Kanye West’s Ex-Publicist Surrenders to RICO Charges in Connection to Donald Trump’s Election Interference

by Xara Aziz
Left and Right: Fulton County Sheriff's Office

Kanye West’s ex-publicist, Trevian Kutti, has been named one of seven co-defendants in former president Donald Trump’s election interference case in Georgia.

Kutti is accused of posing as a crisis manager in an attempt to manufacture a voter-fraud confession from an election worker named Ruby Freeman. She surrendered to authorities Friday at 10 AM – just two hours before a Georgia court ordered her to turn herself in.

In her mugshot, Kutti is seen flashing a big smile while wearing a military camouflage jacket. It is unclear whether her outfit of choice was an attempt to send a political message.

She is also accused of “going on a crusade to convince Freeman to falsely confess to secretly dragging suitcases stuffed with fake ballots into the vote-counting process—a baseless conspiracy that Trump, Rudy Giuliani, and other election deniers parroted for weeks,” according to a The Daily Beast report.

“At one point, Kutti even showed up at Freeman’s home and told her that she ‘was in danger,’ and had just 48 hours before ‘unknown subjects’ would come after her, a police report said. A responding cop—still thinking Kutti was a crisis manager—suggested they continue chatting at a police station, which was recorded on video. Freeman was later found to have done nothing wrong.”

Michael Roman, Georgia state Senator Shawn Still, former Department of Justice official Jeffrey Clark, former Coffee County elections supervisor Misty Hampton, Atlanta attorney Bob Cheeley, and Chicago pastor Stephen Cliffgard Lee are the six other co-defendants who turned themselves in.

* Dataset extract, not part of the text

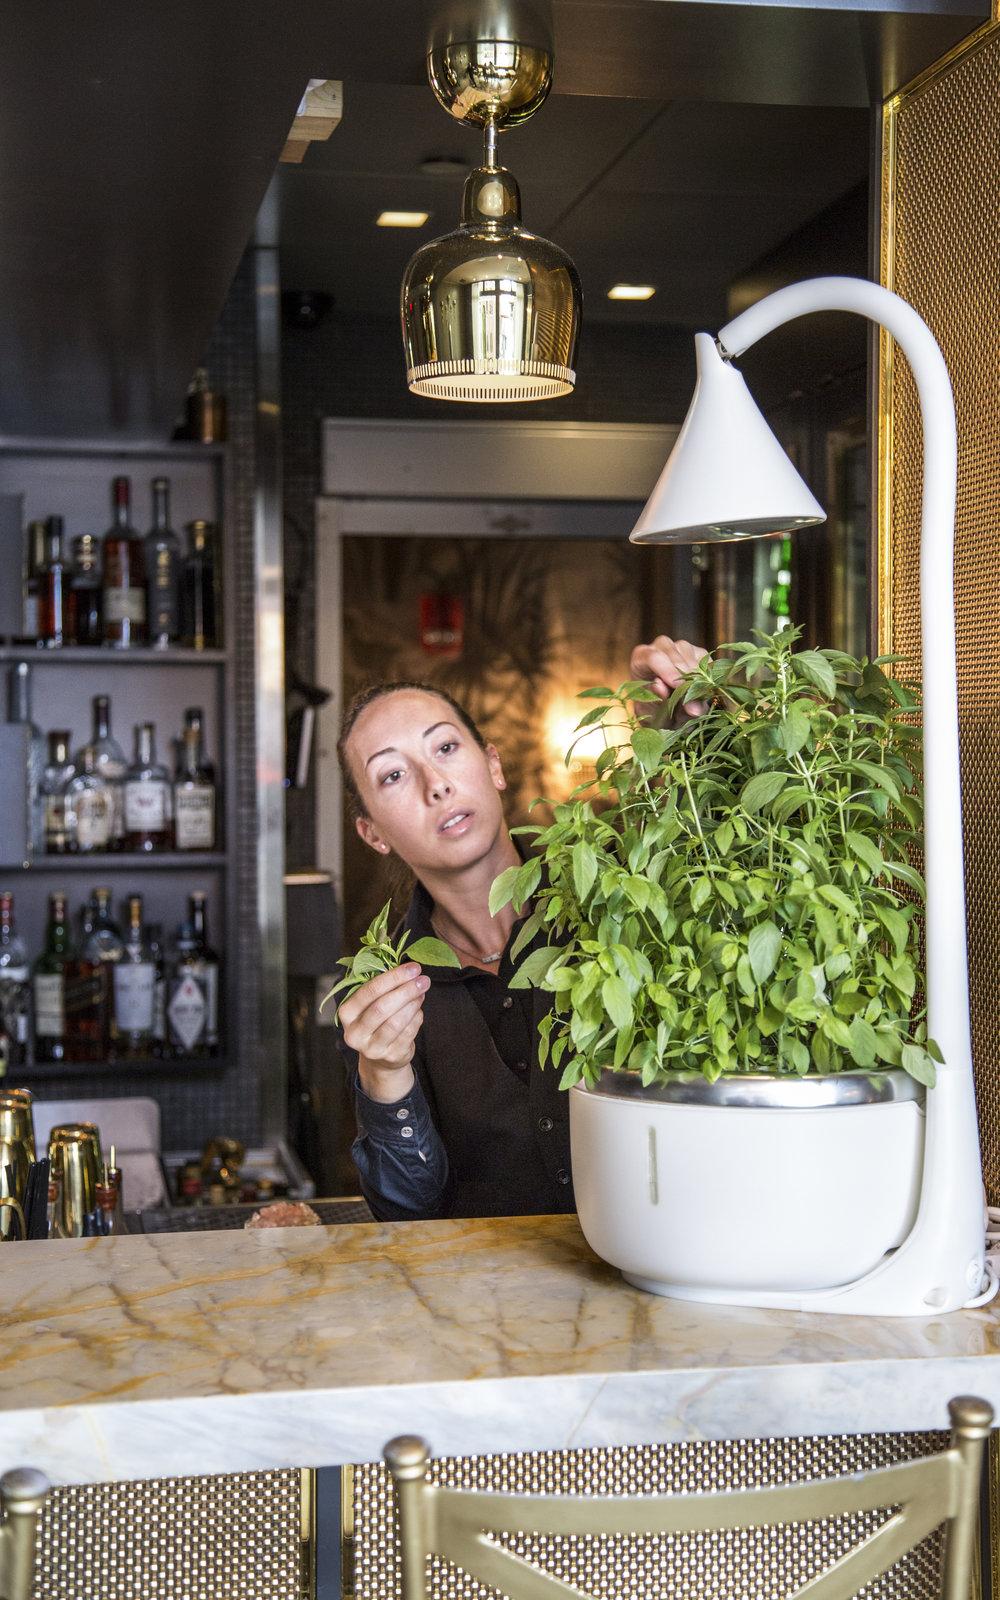 SproutsIO - Menton - Bartender Harvesting Basil.jpg

MAGA podcaster Silk – of Diamond and Silk – fundraised for Lee’s bond money and cut him a check for $3,500, according to Lee’s attorney, David Shestokas, who spoke with The Daily Beast Friday.

Silk, born Herneitha Hardaway, told her podcast listeners that “Pastor Lee needs to be in church Sunday,” and pleaded that they donate to a defense fund, Shestokas added.

All defendants are charged with violating the state’s RICO Act, among other charges.